CARTEL AND SYNDICATE EFFECT ON RICE MILL AND VEGETABLES:

 

Agriculture sector contributed about 27 percent in the GDP with 14.38 percent AGDP shared by vegetables including potato (MOAD, 2017). Vegetable production and marketing is gradually emerging as an important sub-sector contributing to gross domestic product in Nepal. Vegetable production and marketing is main source of income for the people of various places in Nepal. However, the country is not able to harness available market for vegetables, and different factors at production and marketing levels hindering vegetable business. These vegetable marketers function in an oligopolistic market structure with a relatively large number of counterpart suppliers and buyers.

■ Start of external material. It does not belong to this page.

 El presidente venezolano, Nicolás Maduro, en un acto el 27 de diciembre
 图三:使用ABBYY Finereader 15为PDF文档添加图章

These are organized groups and have their own associations while their upstream and downstream stakeholders in the supply chain do not have strong enough associations to offset their unruly behavior.
Cartels have infested the milled rice, fruits and vegetables, honey, meat and other subsectors in a big way making it difficult to control access to markets for farmers. A cartel model of oligopoly is a model that assumes that oligopolies act as if they were a monopoly and set a price to maximize profit. Generally cartel is understood as the arrangement among producers and suppliers of goods and services to control the production, sales and price so as to restrict competition and obtain monopoly or oligopoly in the market. Cartels may be overt or covert as the producers and suppliers of goods and services can have a tacit understanding or open agreement to fix the market price, allocate market, increase prices and decrease the quality of the goods and services. Such practices are generally considered as the worst forms of anti-competitive behavior and condemned by the laws of various countries .The ultimate effect of these anti-competitive practices is that the efficient firms lose to the inefficient firms or suppliers as there are no incentives for bringing down the cost and increasing the quality of goods and services. In such a situation of duopoly or oligopoly, all the firms within the cartel groups benefit by sharing the market without the need of improving efficiencies in production or supply.
Hence, the farmers are fetching low prices on their products on the one hand and the consumers are forced to pay higher prices at the other to the hefty benefit of those middlemen. Middlemen have been involved in hoarding agricultural produce in the past and in the process making it difficult for farmers to make money out of their hard work. A market survey done at the Kalimati Vegetable Market shows that the price paid by the consumers for some vegetable products are 10 times higher than the price paid by the middlemen to the farmers for the same vegetables. This shows the intensity of unfair trade practices, much to the chagrin of law enforcing authorities.
 Cartel groups in Nepal are found in other sectors as well. There are no organized (or wholesale) markets for the collection of cereals and sale of processed grains. Millers based in major rice producing districts directly sell their produce to wholesalers and retailers in their areas after processing. The price of milled rice in the Terai regional markets is determined by large local millers and traders. For example, there are tacit understanding and clandestine agreements among the importers and distributors of milled rice in order to fix price and control supply and raise the price particularly during the festive season. Not much association is found between the cost of production of rice and the market price, as price determination is governed by local large millers and traders in the regional Terai markets who determine the rice price considering the expected price in Kathmandu and the price of paddy in the bordering Indian markets. These large operators function in an oligopolistic market structure with a relatively large number of counterpart suppliers and buyers. The lack of backward and forward linkage markets can undermine trade flows, given the relatively small number of stakeholders controlling the trade of cereals.
Competition is the cornerstone of open and liberalized economy as the anti-competitive behavior of the enterprises, industries or traders take a toll on the economic performances of a country by promoting inefficient firms, producers and distributors and punishing the efficient ones. Perfect competition is an ideal situation that is hard to achieve in any economy. However, it should be the ultimate goal and direction to move forward which can be stepped upon by gradually building on the legal, institutional and human resources base for defying the anti-competitive behaviour. Reining the cartel requires comprehensive and concerted approaches from all stakeholders and the effectiveness of law enforcement agencies. The most important factor is the requisition of political will and commitment to establish a competitive and healthy market that could be the precursor to increased trade and foreign direct investment in the country. Many developing countries including Nepal are mired by the dilemma of politics protecting the cartels and syndicates as those who are engaged in anti-competitive practices dole out substantial money to the political parties and their leaders.

Cartels effects have made farmers to drive away from the commercially viable sub-sectors of agriculture. Groups of individuals who are out to make price control and earning quick benefit from low quality products compared to high quality goods must be dismantled under all costs. This must not be allowed to happen, as the country wants to see more investments in agriculture especially commercial vegetable and cereal production. Farmers must be allowed to make maximum earnings from their investment especially given increased production and rearing costs. The price of vegetable and rice should solely depend on demand and supply situation in the market. The government must ensure that these cartels and syndicates are dealt with immediately.